RE: Rns10 Jan 2019 07:09
Angus Energy Plc (AIM:ANGS), a leading UK conventional oil and gas production and development company, announces that it received letters pursuant to section 303 of the Companies Act 2006 (the "Act") requiring the Directors of the Company to convene a general meeting of the Company's shareholders (the "Requisitions") to propose various changes to the Board.
The Company further announces that Rob Shepherd, non-executive director of the Company, resigned subsequent to this event from the Board with immediate effect.
The Company has entered into a £3 Million loan facility ("Facility") with YA II PN Ltd and Riverfort Global Capital.
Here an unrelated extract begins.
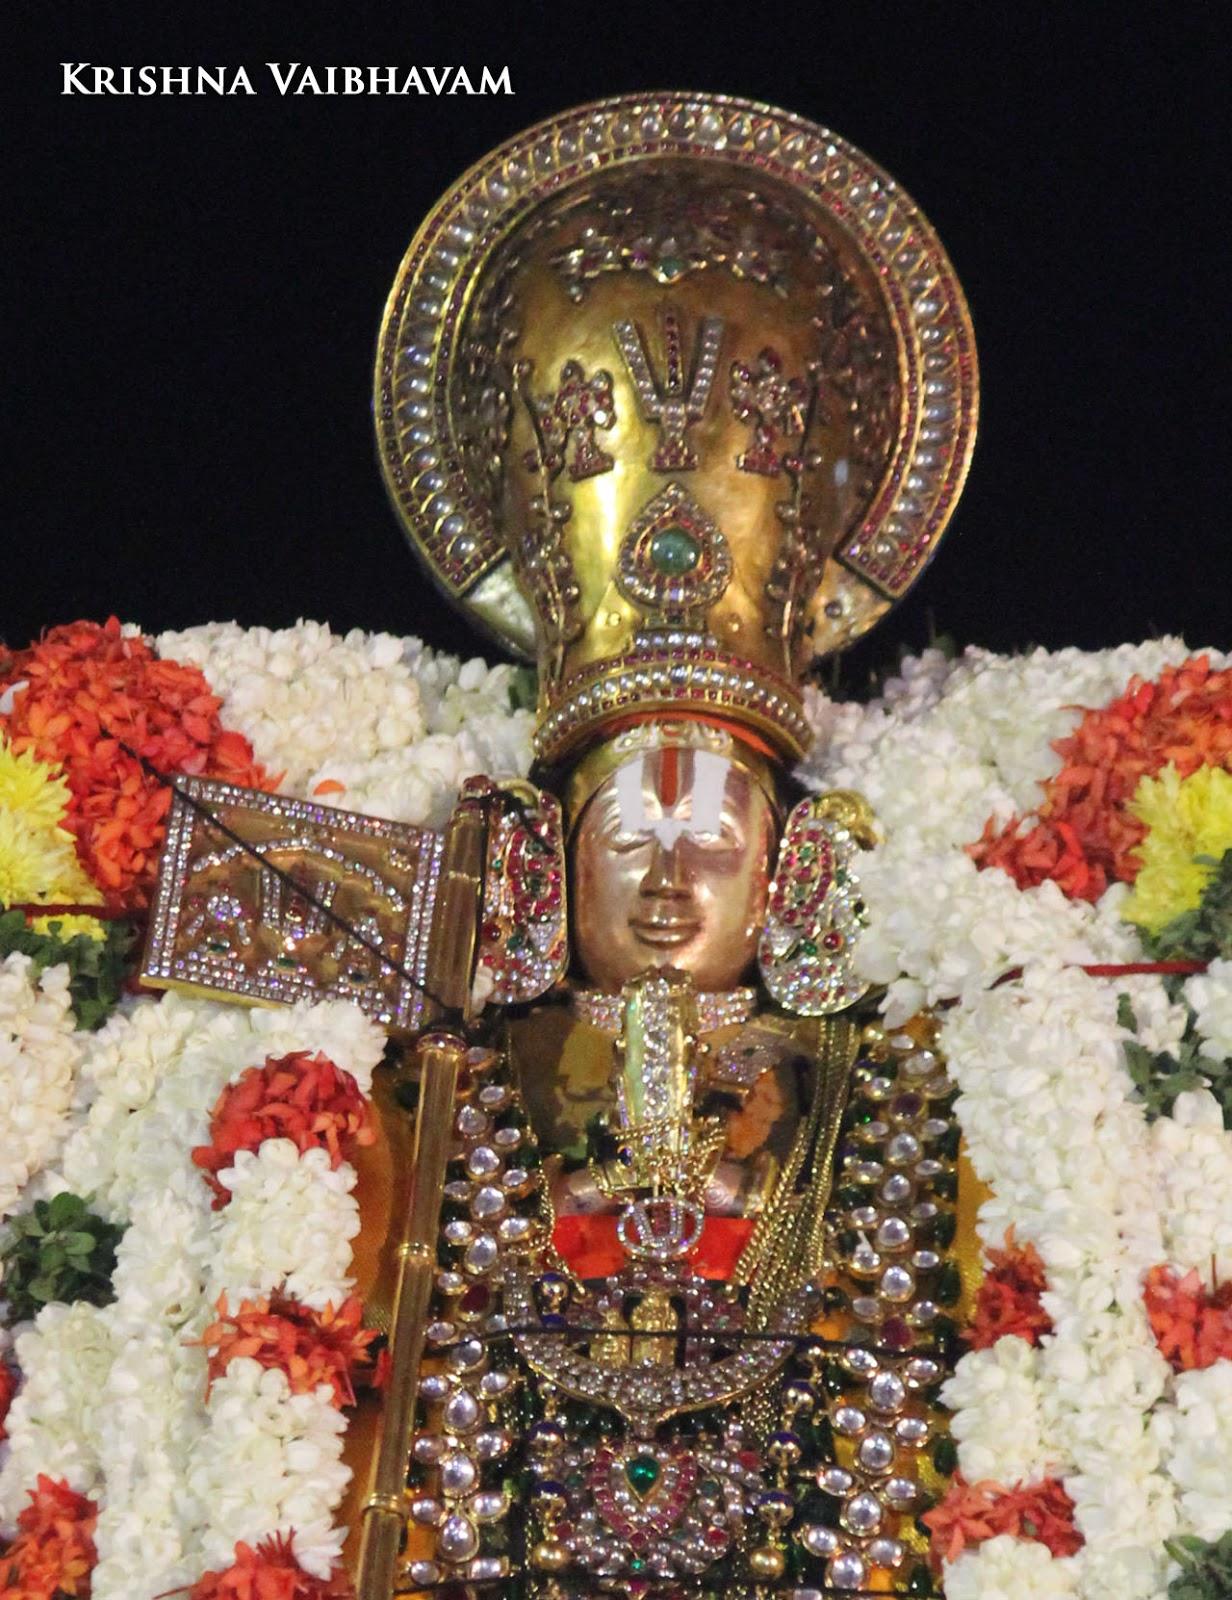 Paramavatar Shri Krishna Video Download

Proceeds of the financing will be primarily deployed for the future development of the Balcombe Field Discovery.
Requisition of General Meeting
The Requisitions are signed by HSBC Global Custody Nominee (UK) Limited a/c 970877 (as the registered holder) in respect of 23,000,000 ordinary shares of £0.002 each in the Company ("Shares") and by Jarvis Nominees Limited (as the registered holder) in respect of 1,645,000 Shares (the "Requisitioning Shareholders"), representing in total approximately 6.2 per cent. of the Company's issued Shares carrying voting rights.
It is the Company's belief that Mr Jonathan Tidswell-Pretorius, the Company's non-board operations director and previous Chairman until stepping down in July 2018, has a direct interest in respect of the 23,000,000 Shares registered in the name of HSBC Global Custody Nominee (UK) Limited a/c 970877.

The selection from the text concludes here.